Google researcher discovers new type of Windows security weakness

Microsoft has said it plans to patch a new class of Windows security bug discovered by a Google Project Zero researcher despite finding no conclusive evidence that it poses a threat to users.

The unusual and complicated weakness appears to have been sitting unnoticed in Windows since as far back as XP and will be patched in the next version of Windows 10, currently named 19H1 (aka version 1903).

But if it’s not a clear threat, why patch it at all? For the answer to that, we need to explore the backstory.

According to Project Zero researcher James Forshaw, he first discovered what he assumed was a relatively straightforward kernel-mode drive Elevation of Privileges (EoP) issue in 2016, eventually fixed by Microsoft as CVE-2016-3219.

Following up a year later, however, he realised he’d stumbled upon a larger logic hole that might allow malware running in user mode (which limits privileges) to sneak privileges through the interaction of Microsoft and third-party kernel-mode drivers and the Windows I/O manager subsystem.

However, Forshaw was still unable to create a working proof-of-concept (many aspects of these deeper code interactions are difficult without proprietary knowledge), forcing him to contact Microsoft for help:

This led to meetings with various teams at Bluehat 2017 in Redmond where a plan was formed for Microsoft to use their source code access to discover the extent of this bug class in the Windows kernel and driver code base.

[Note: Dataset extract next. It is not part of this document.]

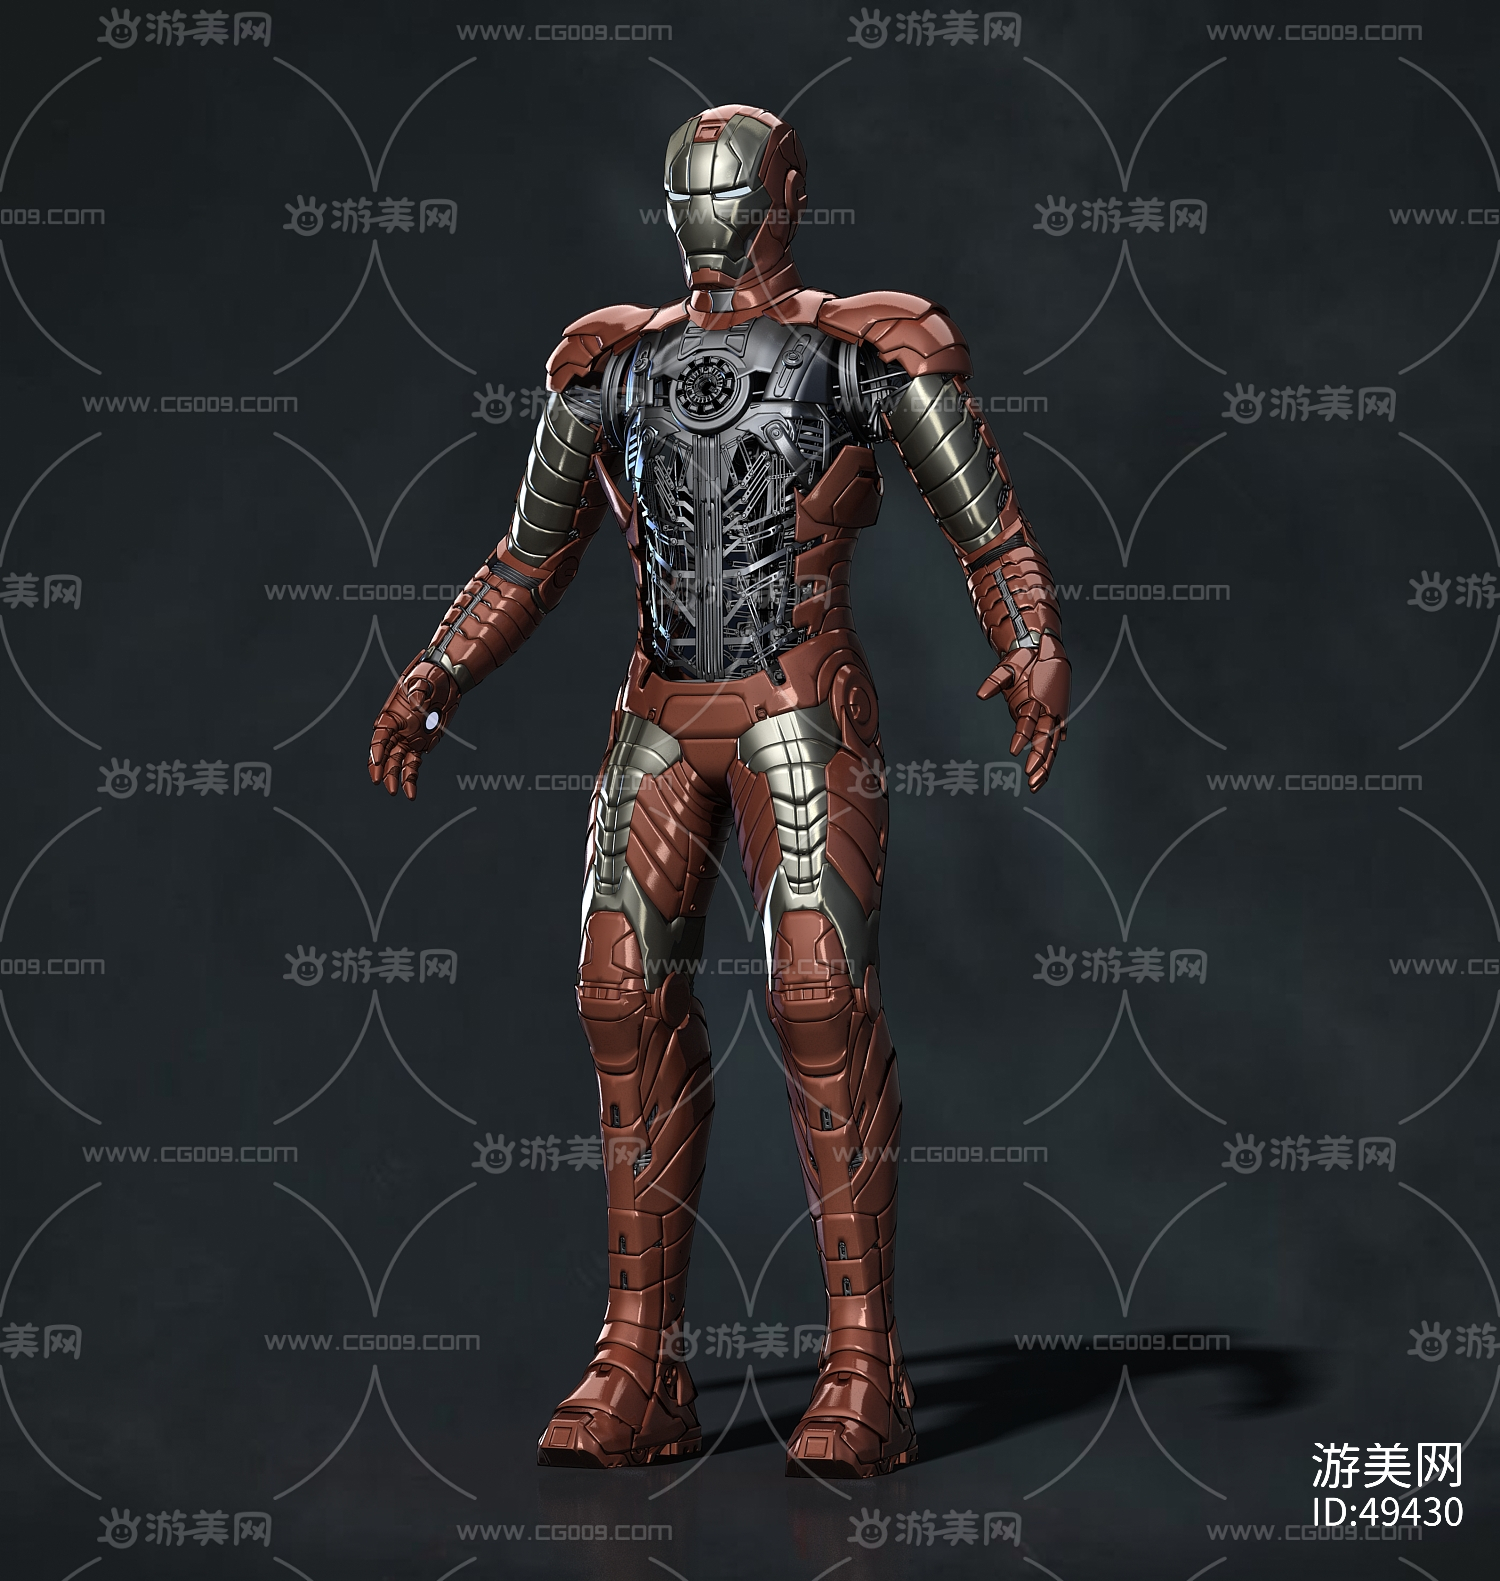 钢铁侠mk5 内部结构 机械 机械骨架 机器人 超级英雄

After a lot of work running numerous code interactions through static analysis tools, Microsoft decided:

There appeared to be no combination of initiator and receiver [jargon for API functions] present in currently supported versions of Windows that could be used for local privilege escalation out of the box.

However, because there are numerous third-party drivers that might be exploitable, and because the class of bug found by Forshaw seemed so new and unexpected, Microsoft decided to take a cautious approach and patch the issue anyway.

One possibility was making a full-scale API change, but this was ruled out because it risked breaking existing software.

As well as issuing a fix in the next Windows version due in April, Microsoft plans to update its programming documentation to draw attention to the issue and wants developers to review their code…

…to ensure correct processing of IRP requests and defensive use of the file open APIs.

Peace breaks out

Considering the way that the two companies have bickered in the past over the issue of Google’s strict 90-day disclosure timetable, the praise for Forshaw from Microsoft is unexpectedly warm:

One researcher who consistently reports high-quality, interesting vulnerabilities to us is James Forshaw of Google Project Zero.

Even so, Google’s Forshaw couldn’t resist a tiny dig regarding specific elements of the weakness:

It’s worth noting that while I applied the standard 90-day disclosure deadline to the SMB server report, I didn’t apply an explicit deadline to the bug class report.

High-fives all around, then – for now at least.